▸ **Supplied records**:
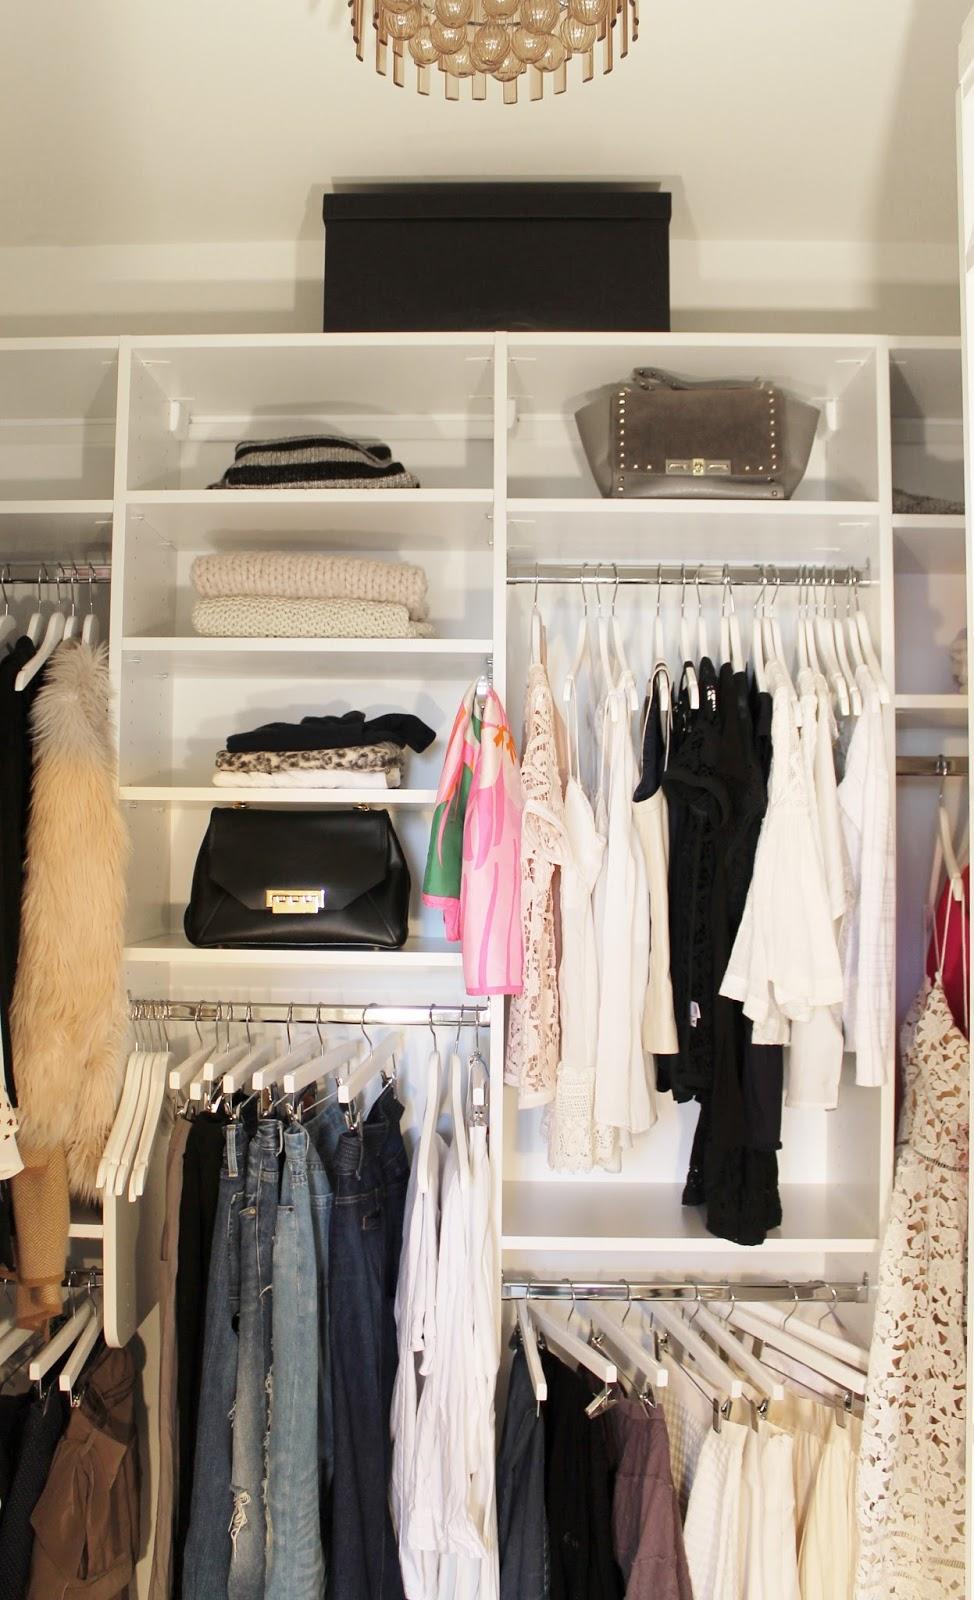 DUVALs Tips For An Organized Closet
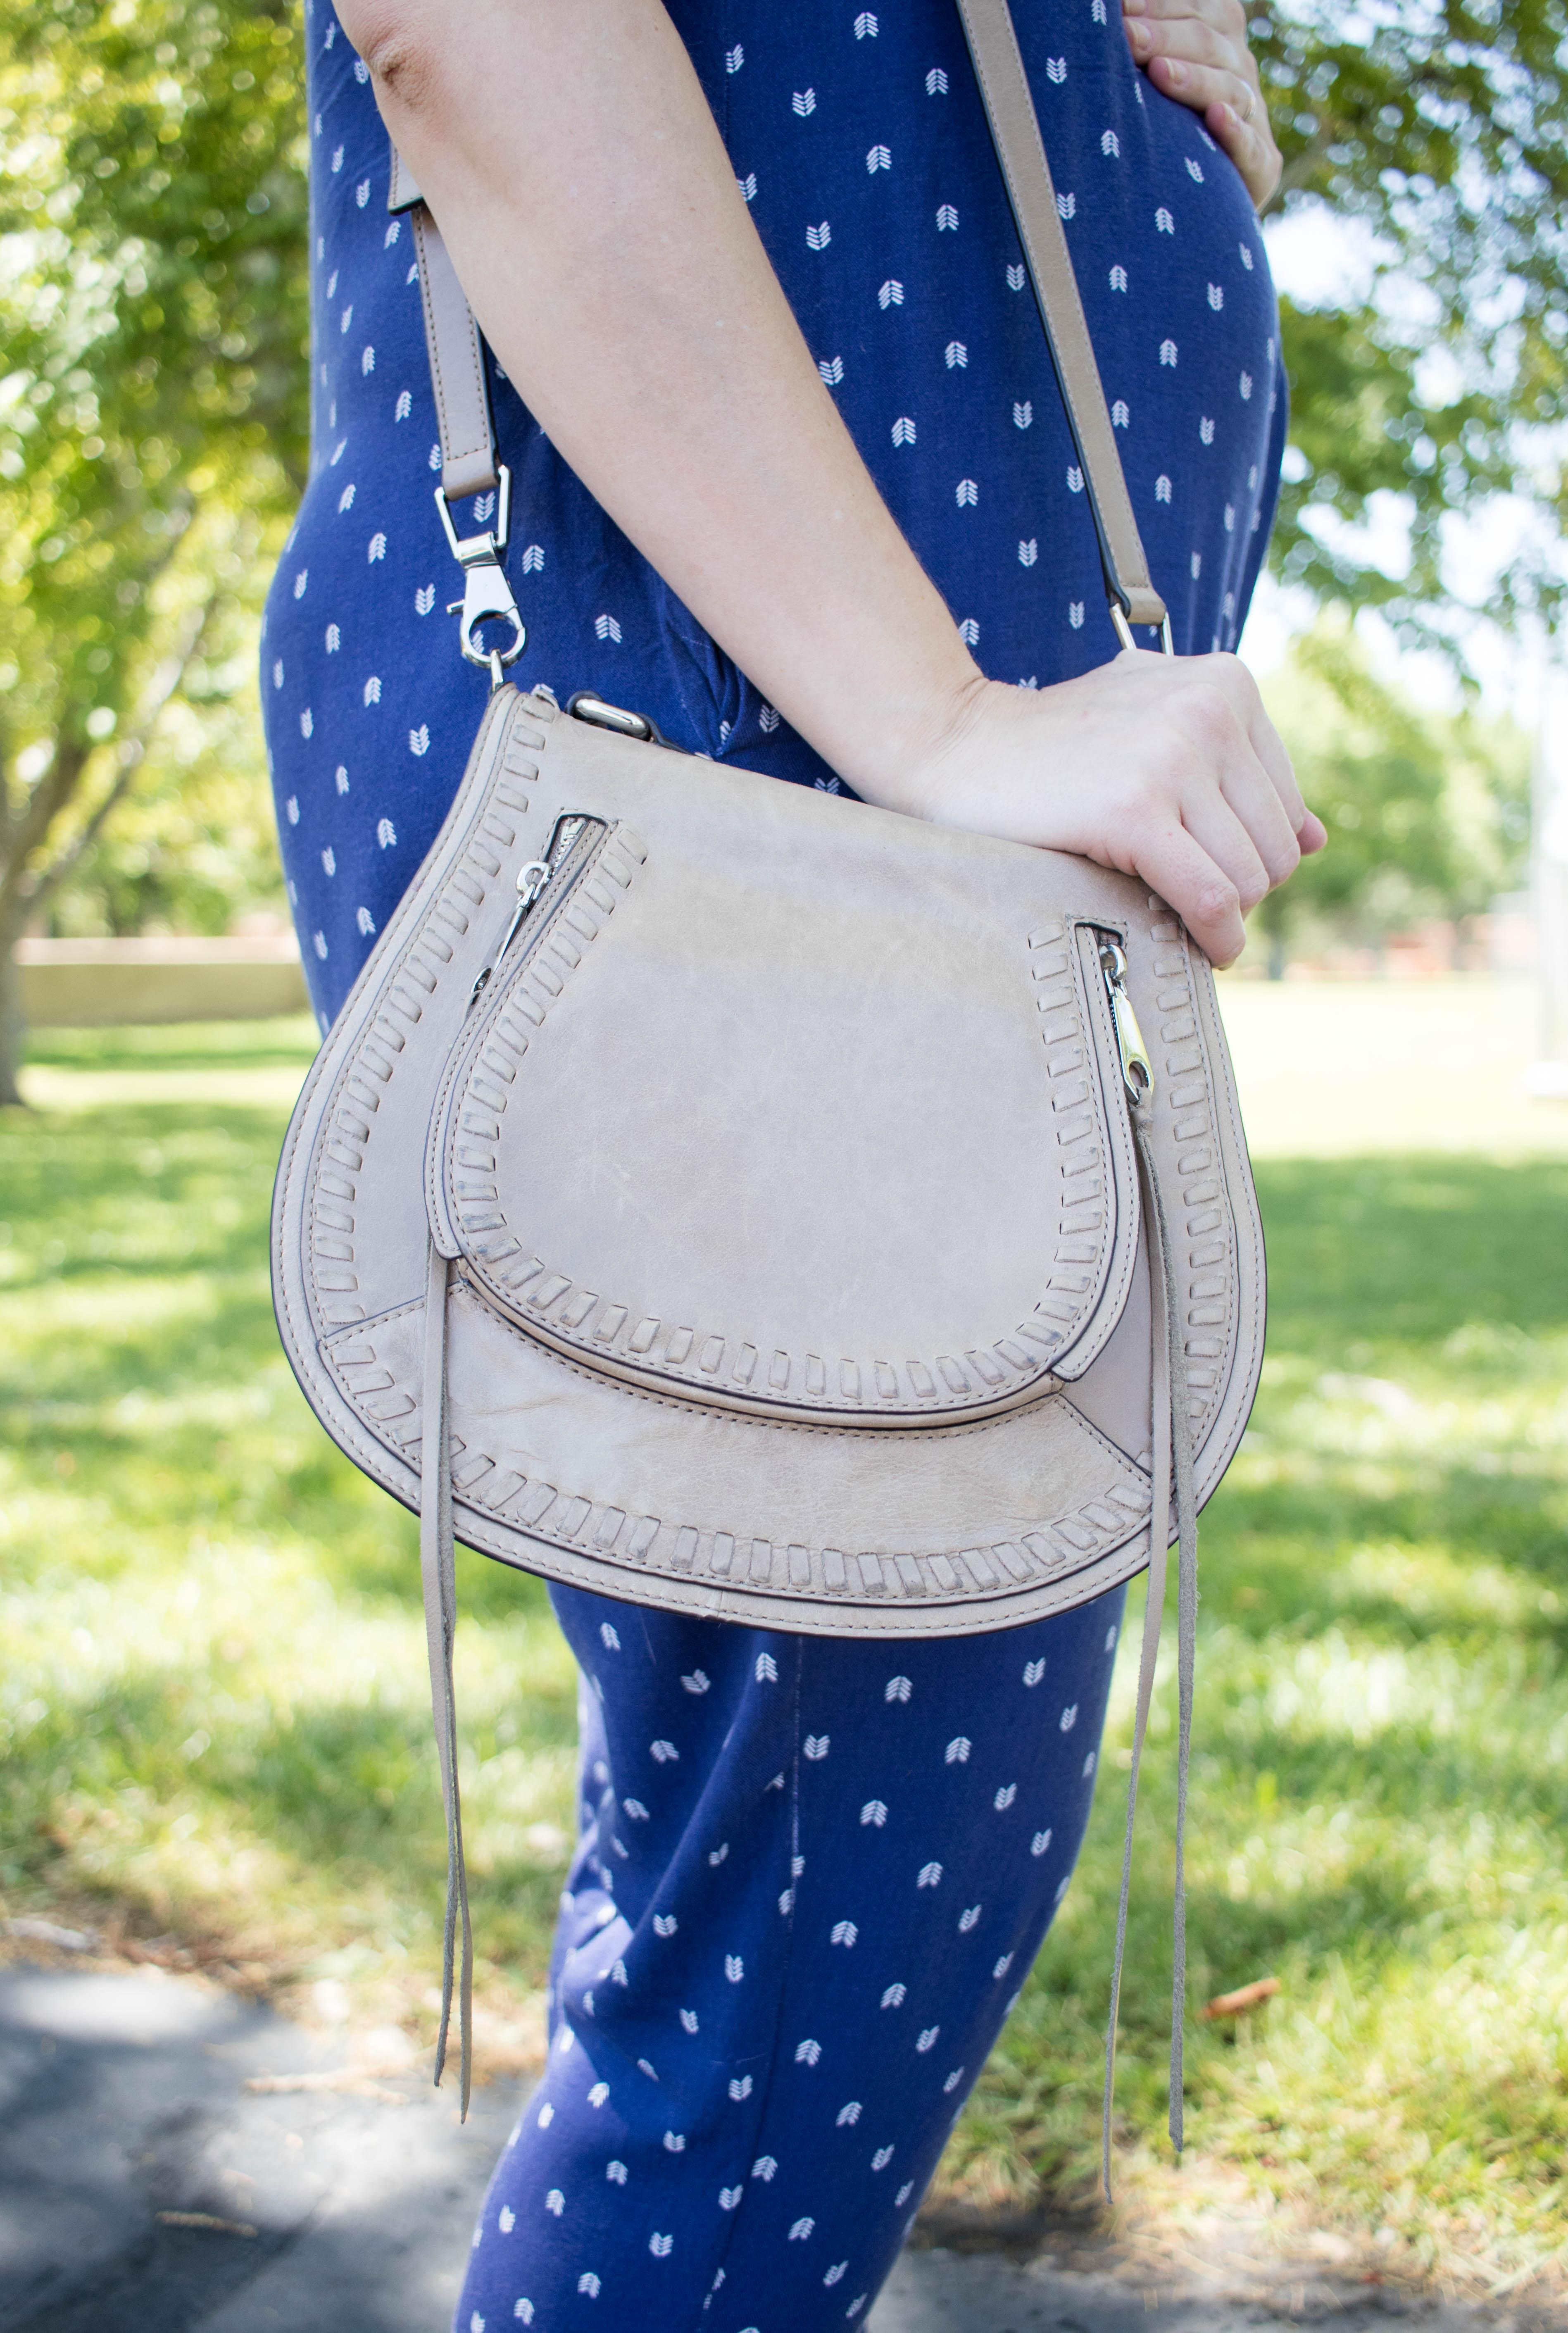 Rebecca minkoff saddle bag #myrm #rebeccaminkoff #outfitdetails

==

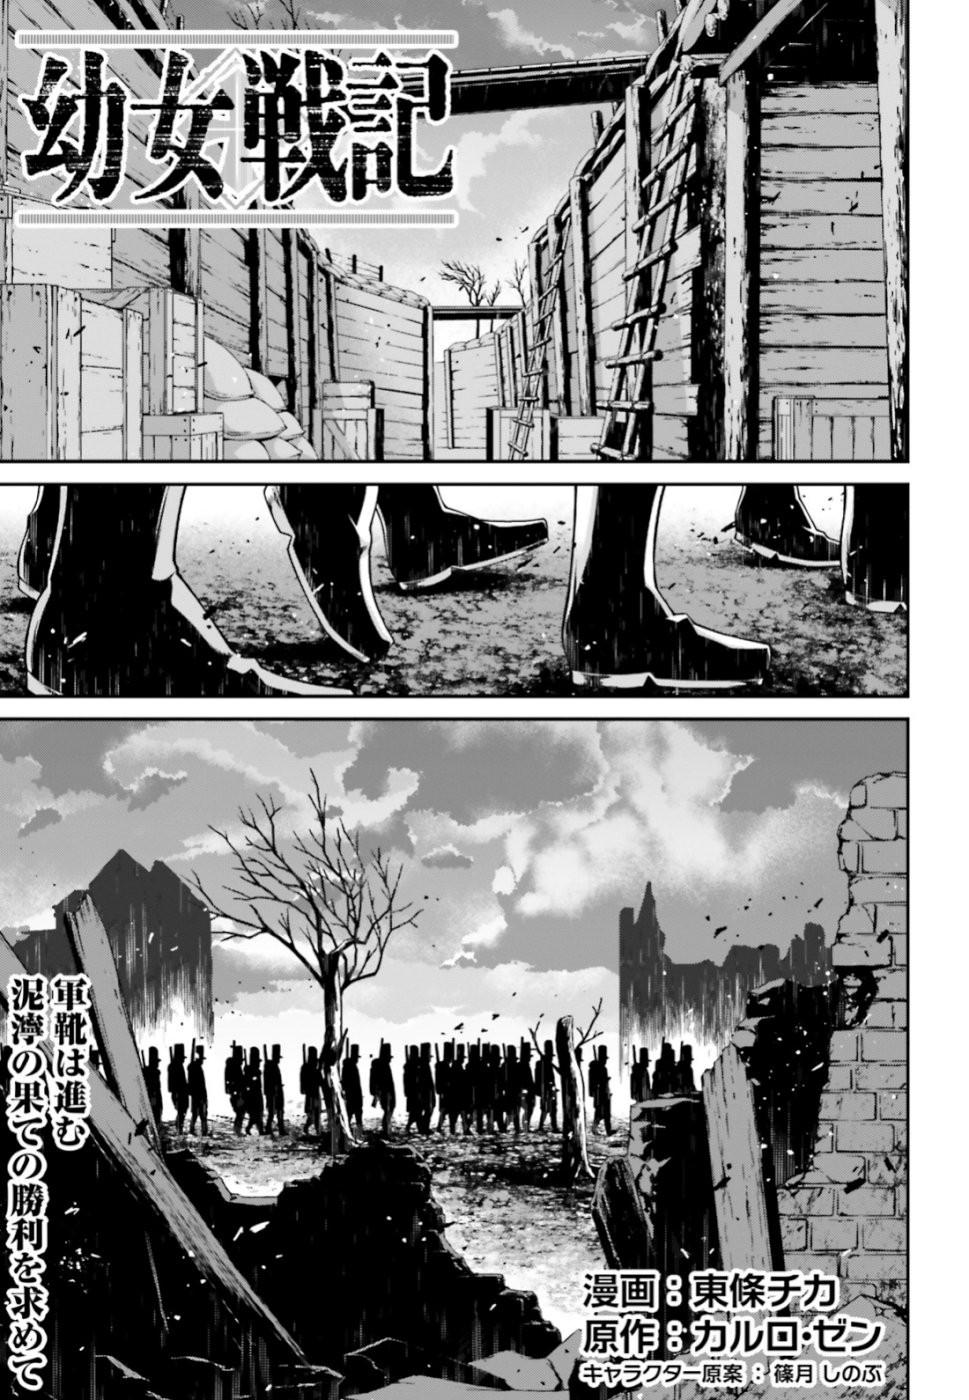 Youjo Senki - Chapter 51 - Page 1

▸ **Aim of the exercise**: In the listing above, find the line with "DUVALs Tips For An Organized Closet" and the line with "Rebecca minkoff saddle". Copy exactly those two and every line between, without the pictures.

▸ **Response box**:
 DUVALs Tips For An Organized Closet
 Rebecca minkoff saddle bag #myrm #rebeccaminkoff #outfitdetails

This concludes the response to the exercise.